Work instruction: Only the lines below from the one containing "HUGO Sports repeat" through the last line should be set down, exactly as written and with no pictures.

Data excerpt:
#####

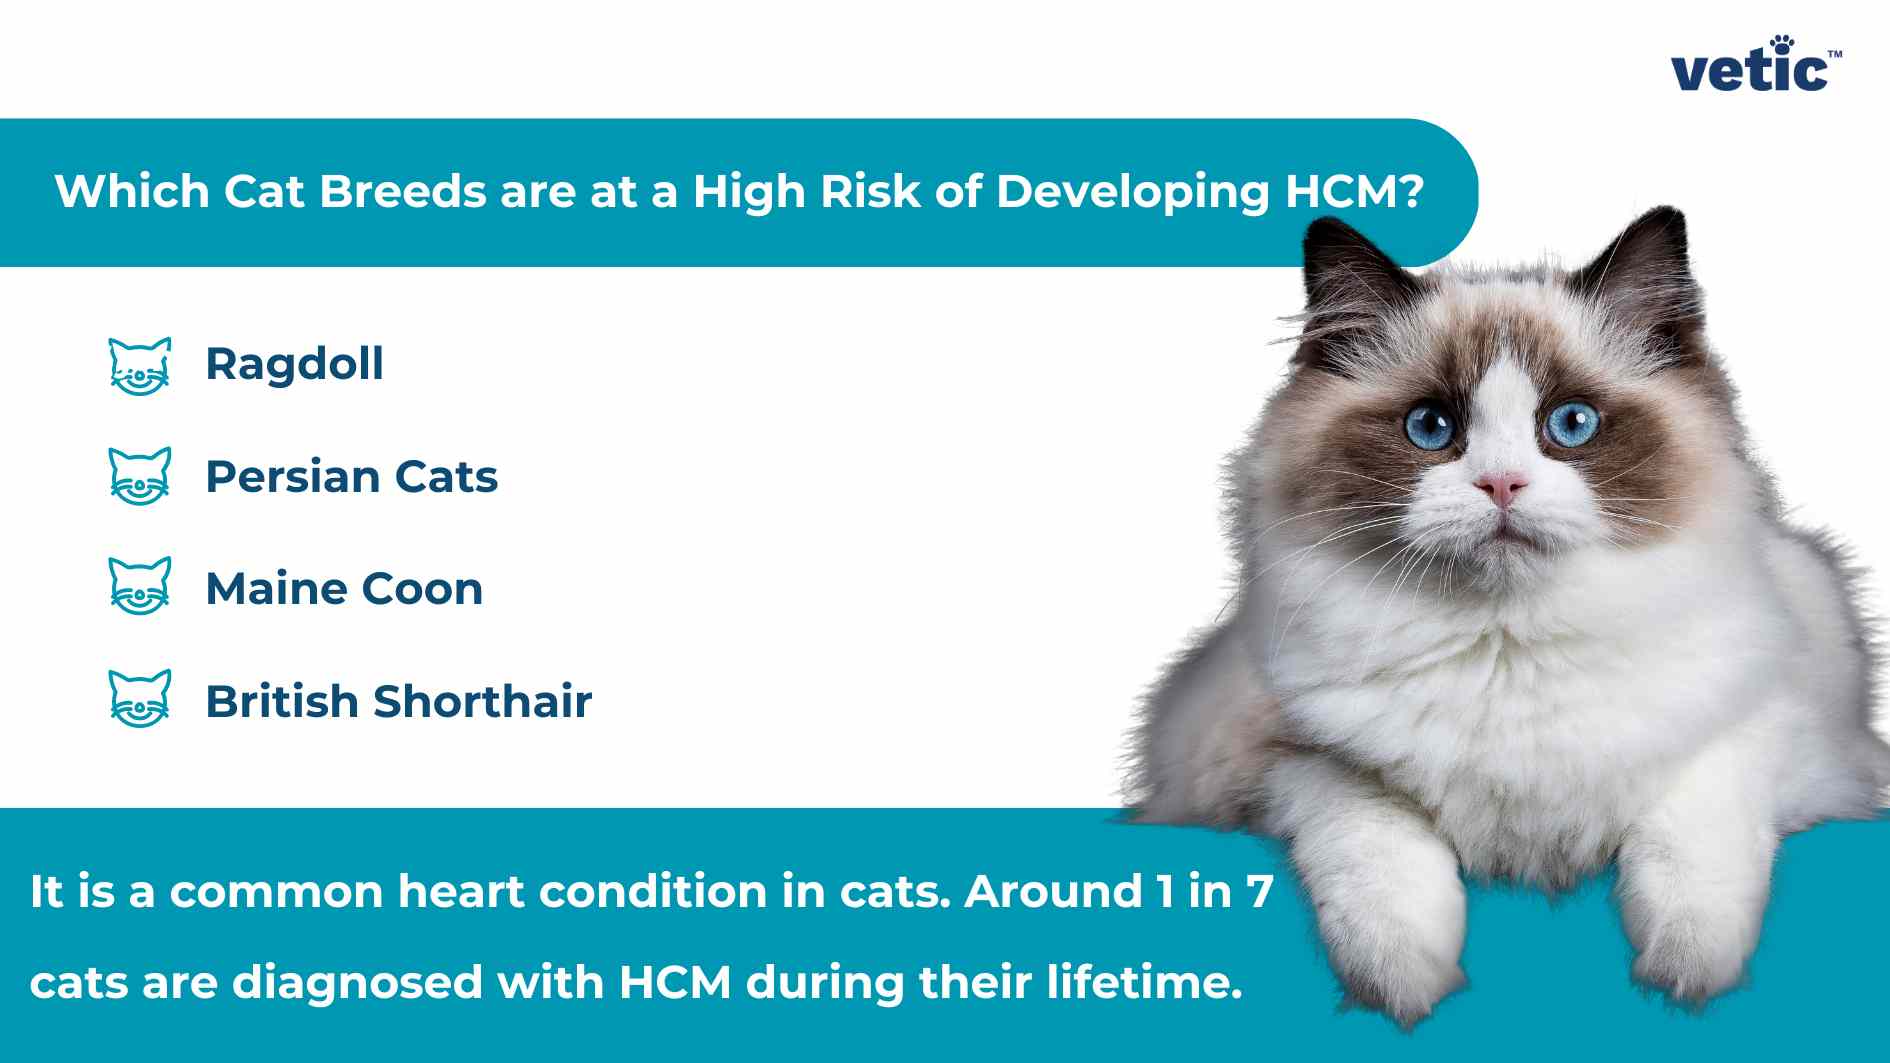 An informational image from Vetic about cat breeds at high risk of developing a specific heart condition, with a list of breeds and additional information on the condition. Description: The image is primarily informational, presented in a visual format with text and icons. The top section has a teal background with white text stating “Which Cat Breeds are at a High Risk of Developing” (the rest is cut off but likely refers to a specific health condition). Below this headline, there’s a list of four cat breeds: Ragdoll, Persian Cats, Maine Coon, and British Shorthair. Each breed name is accompanied by an icon of a cat’s face. A large blurred area obscures part of the image; it seems like an illustration or photo was originally there. At the bottom, there’s more text on the teal background explaining that this is a common heart condition in cats and providing statistics about its prevalence. The logo “vetic” appears in the top right corner.
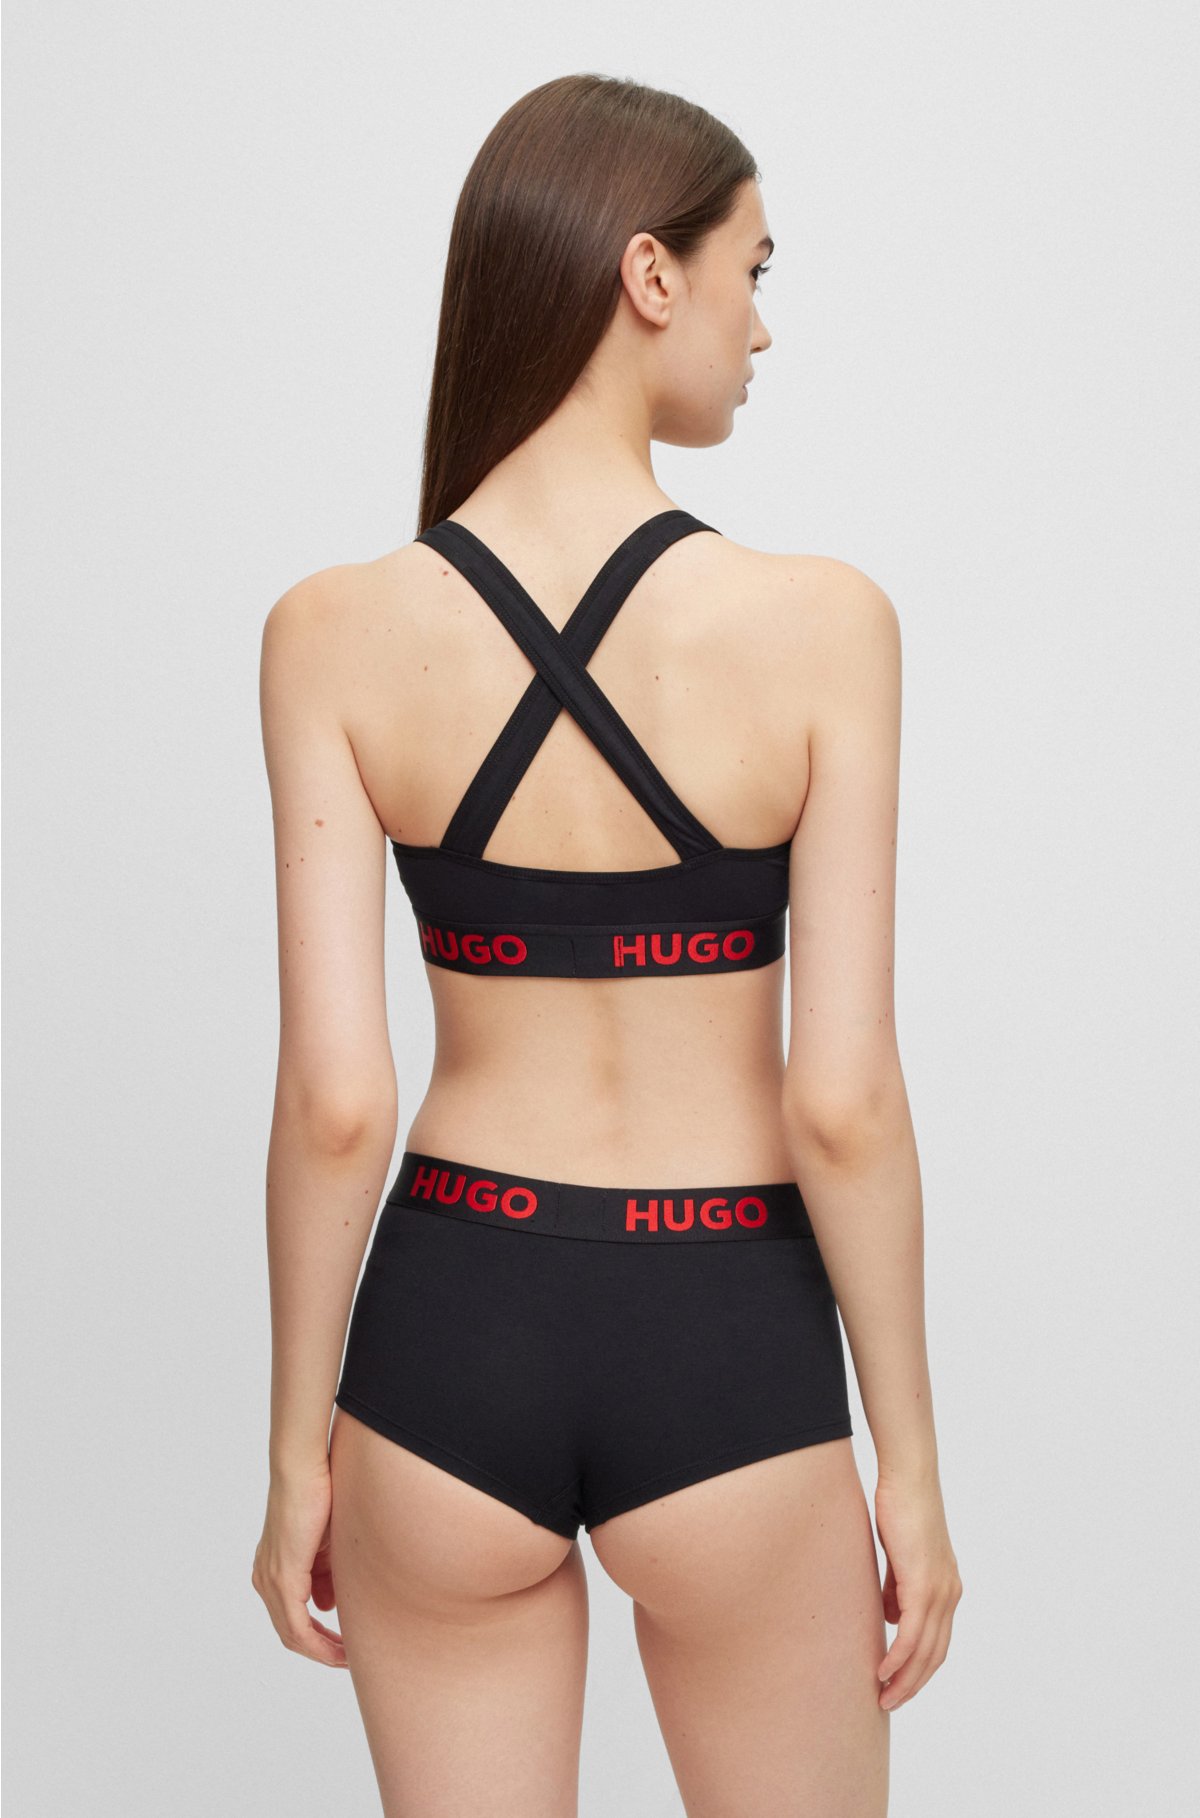 HUGO Sports repeat logos bra stretch cotton with in -
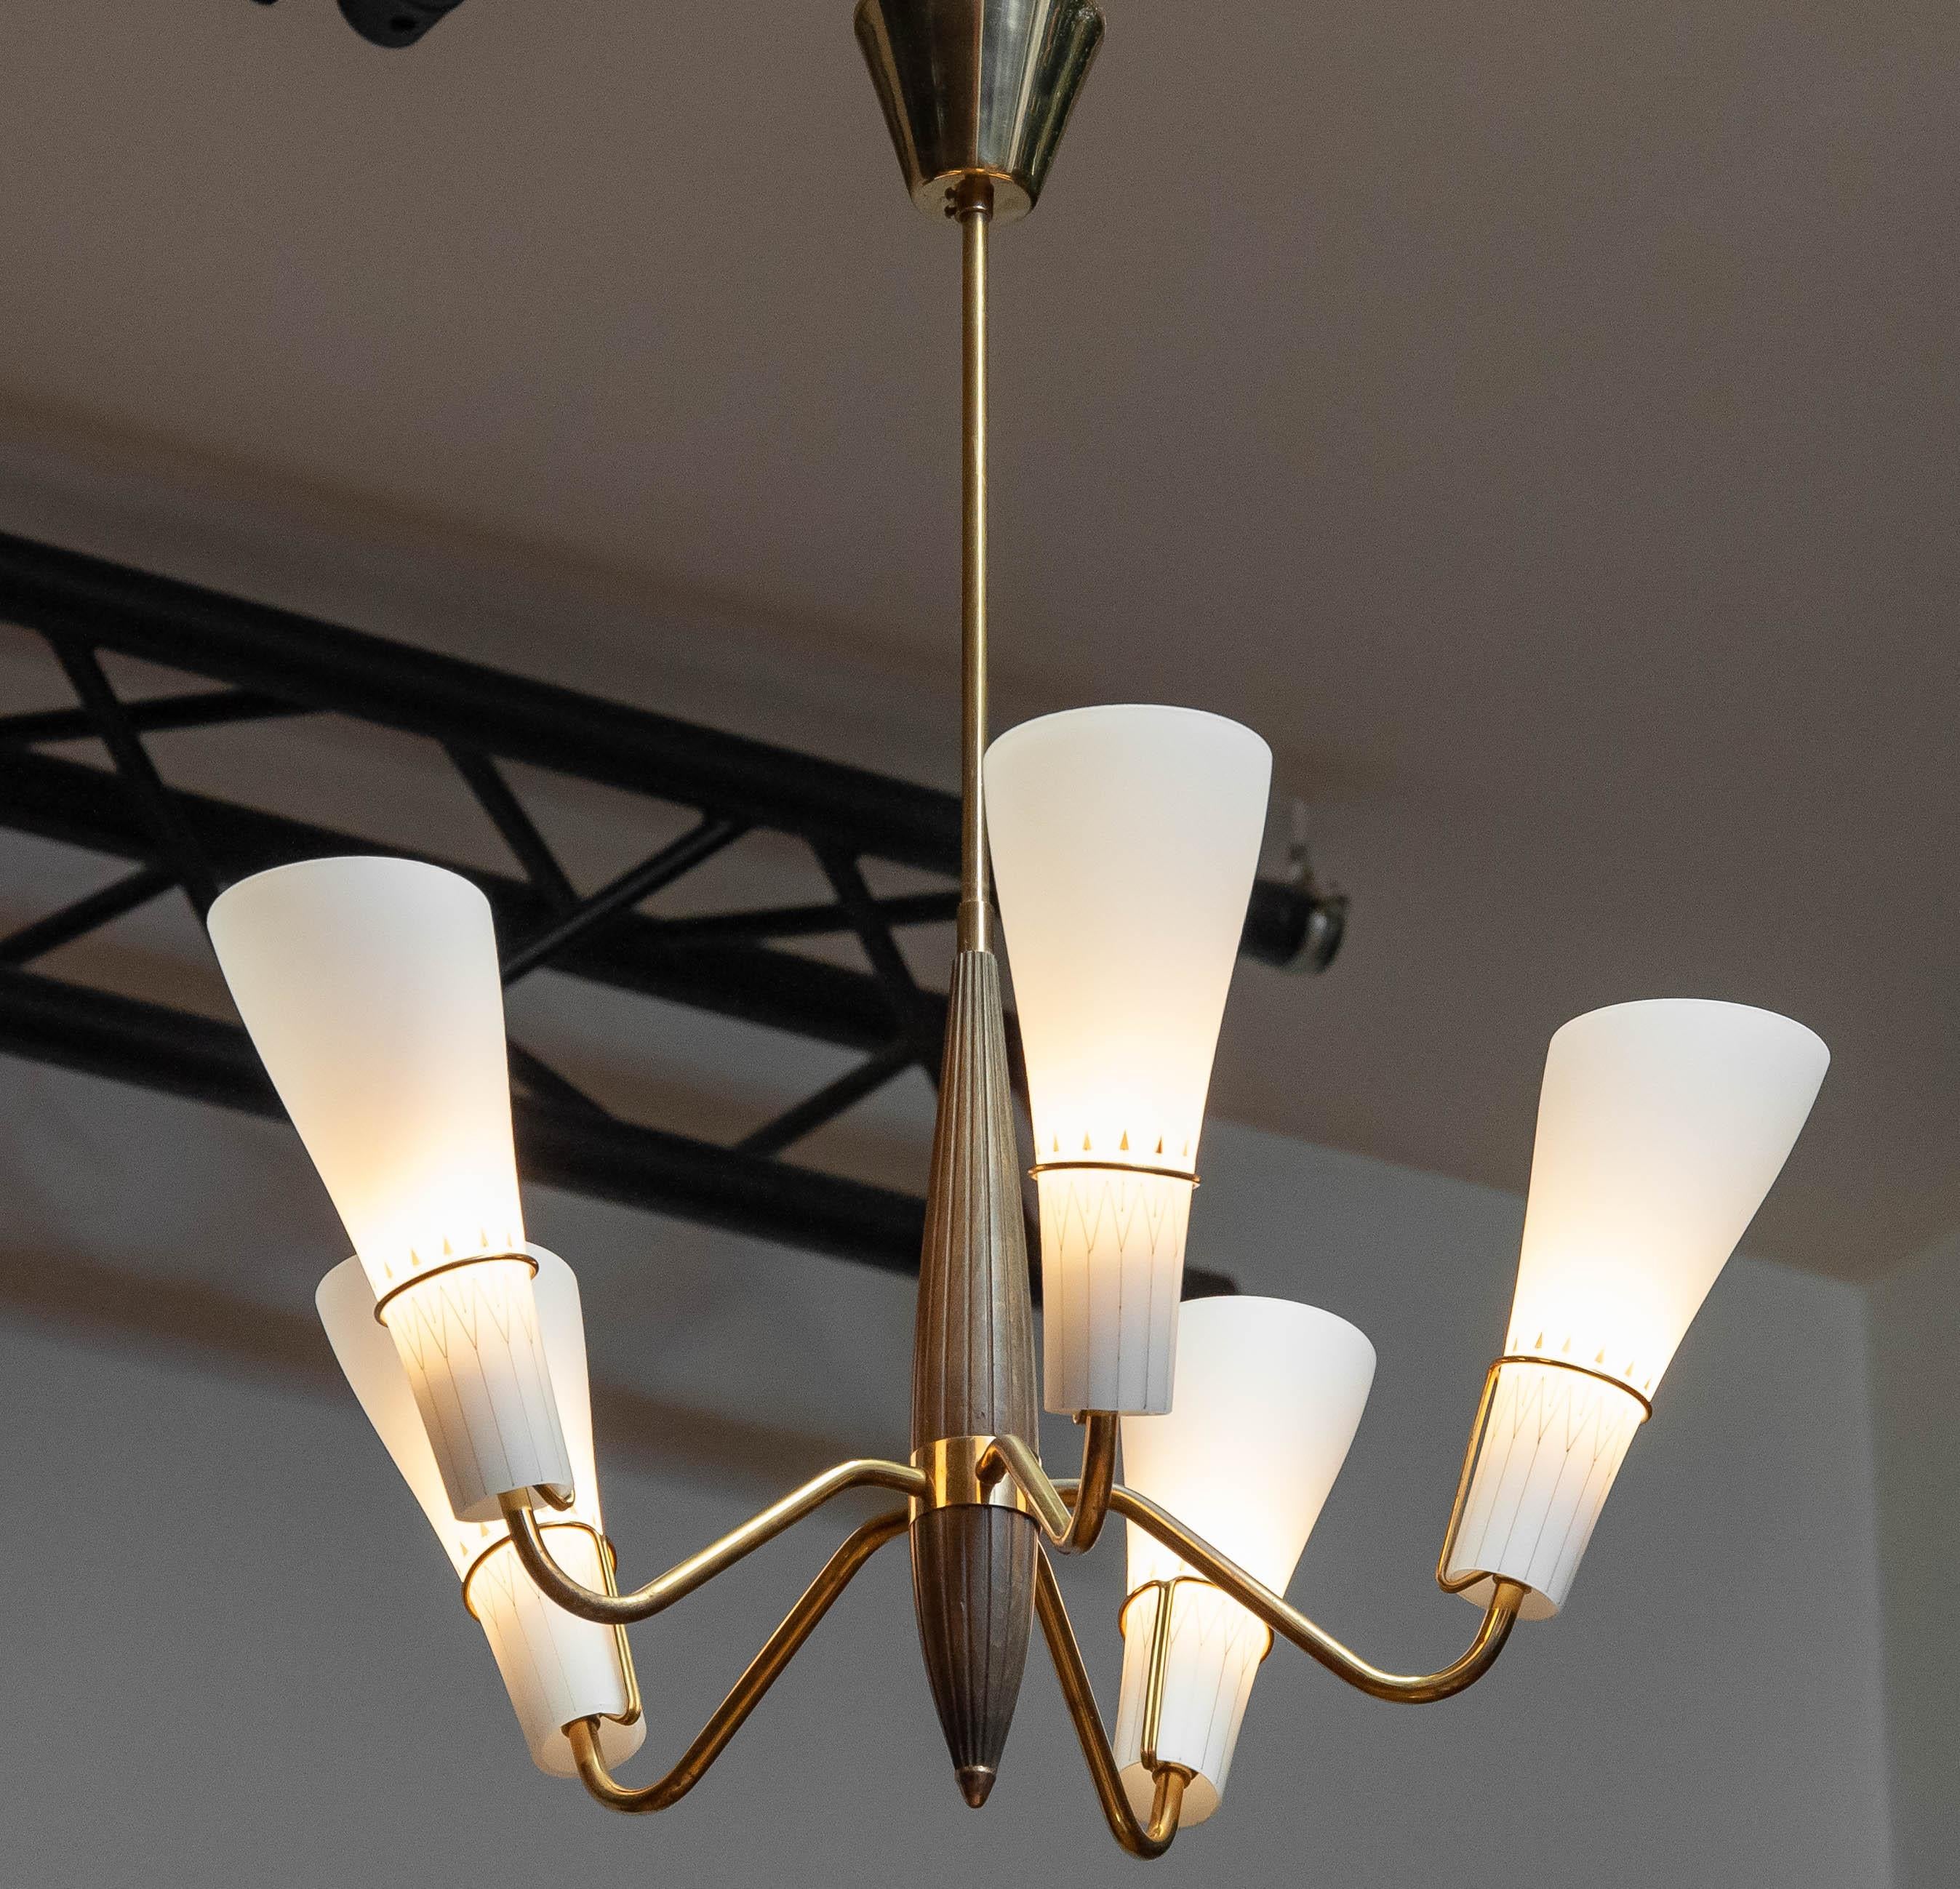 1950s Swedish Brass With Beech Five Arm Chandelier With Frosted Art Glass Shades In Good Condition For Sale In Silvolde, Gelderland

#####

Task solution:
 HUGO Sports repeat logos bra stretch cotton with in -
 1950s Swedish Brass With Beech Five Arm Chandelier With Frosted Art Glass Shades In Good Condition For Sale In Silvolde, Gelderland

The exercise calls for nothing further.